How we used C++20 to eliminate an entire class of runtime bugs

Cameron DaCamara

January 13th, 20222 0

C++20 is here and has been supported in MSVC since 16.11, but today’s post is not about how you can use it, but rather how we used it to effectively eliminate an entire class of runtime bugs by hoisting a check into compile-time. Let’s get right into it!

Humble beginnings

In compiler design one of the very first things you need is a way to convey to the programmer that their source code has an error or warn them if their code might not behave as expected. In MSVC our error infrastructure looks something like this:

enum ErrorNumber {
    C2000,
    C2001,
    C2002,
    ...
};
void error(ErrorNumber, ...);

The way error works is that each ErrorNumber has a corresponding string entry which represents the text we want to display to the user. These text strings can be anything from: C2056 -> "illegal expression" to: C7627 -> "'%1$T': is not a valid template argument for '%2$S'", but what are these %1$T and %2$S things? These are some of the compiler’s format-specifiers to display certain types of structures in the compiler to the user in a readable way.

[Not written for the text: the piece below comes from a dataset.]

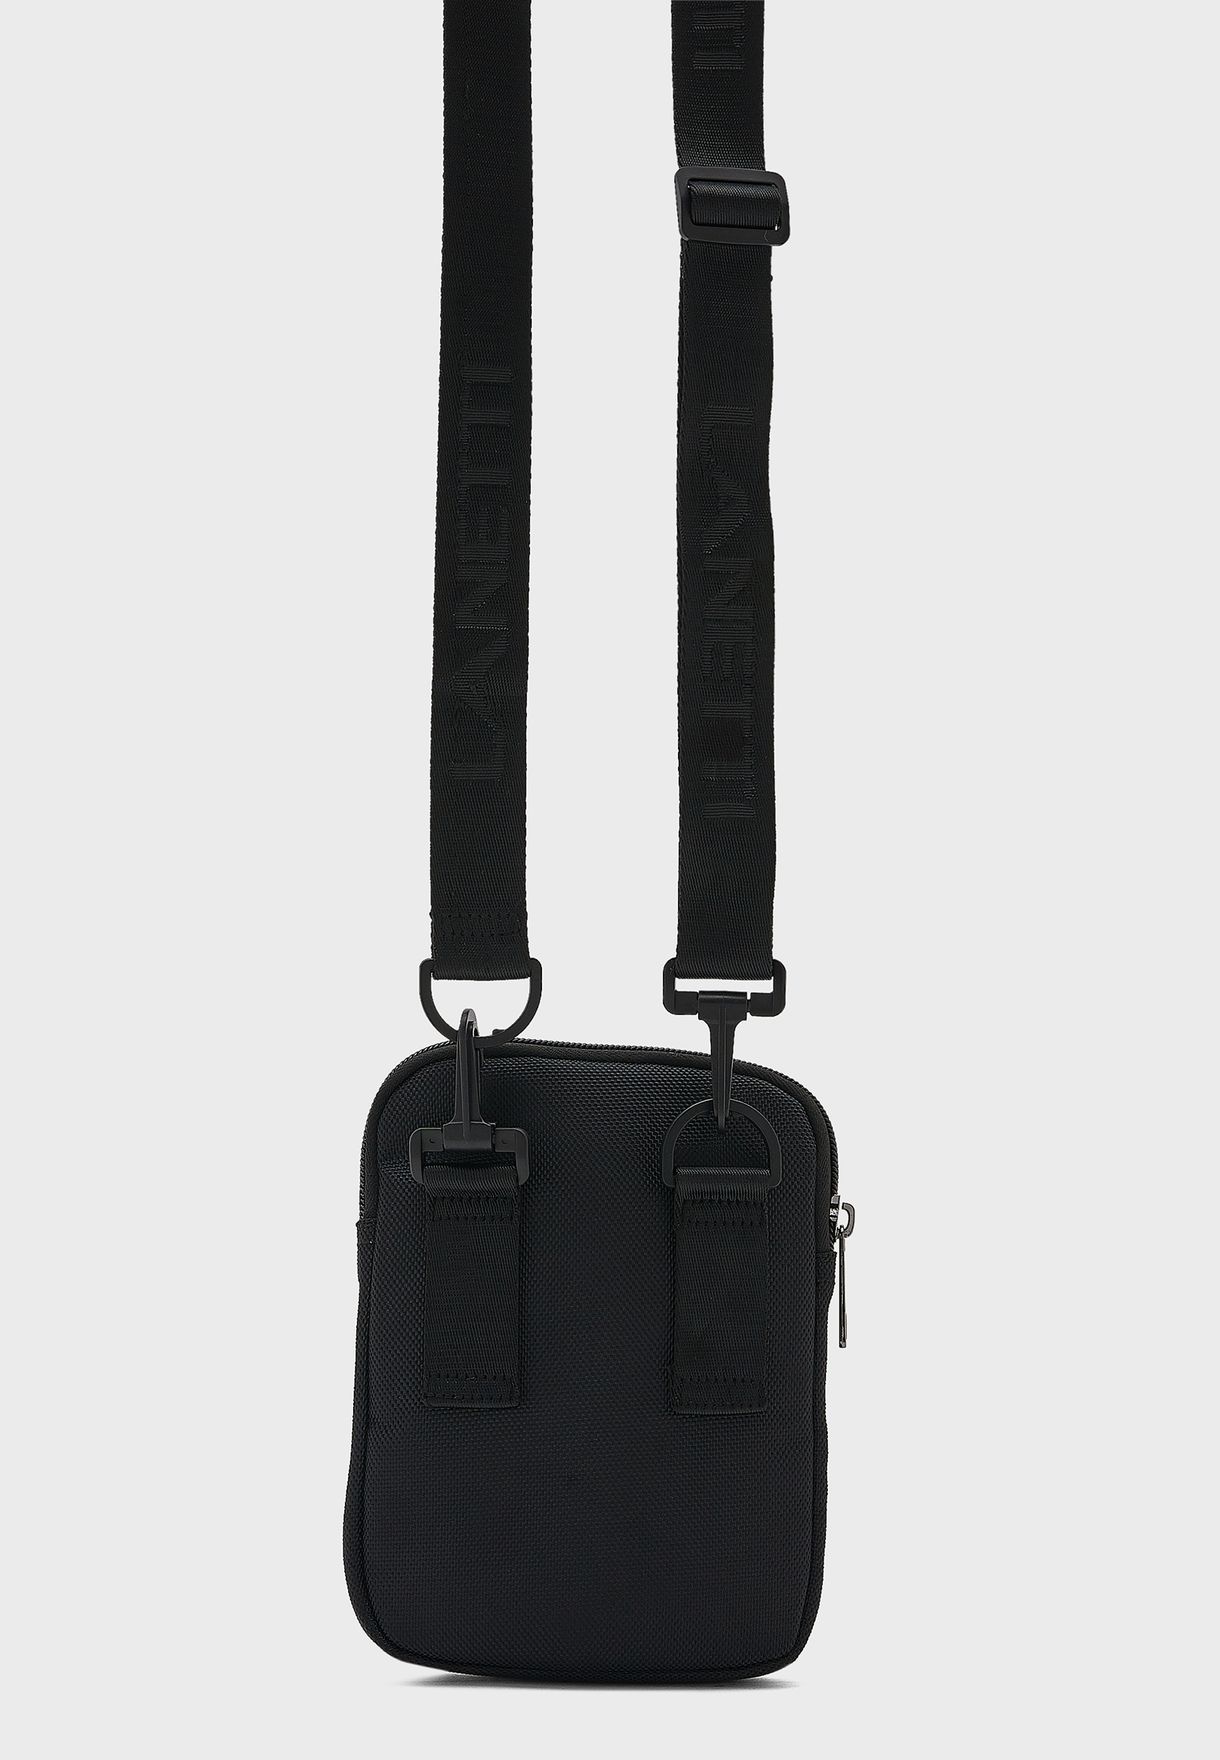 Buy Ccc black Lanetti Men'S Msg Bag for Men in Dubai, Abu Dhabi

The double-edged sword of format-specifiers

Format-specifiers provide a lot of flexibility and power to us as compiler developers. Format-specifiers can more clearly illustrate why a diagnostic was issued and provide the user with more context into the problem. The problem with format-specifiers is that they are not type checked in the call to error, so if we happen to get an argument type wrong or did not pass an argument at all it will almost certainly end up in a runtime error later for the user. Other problems arise when you want to refactor a diagnostic message into something clearer, but to do that you need to query every caller of that diagnostic message and ensure that the refactor agrees with the arguments being passed to error.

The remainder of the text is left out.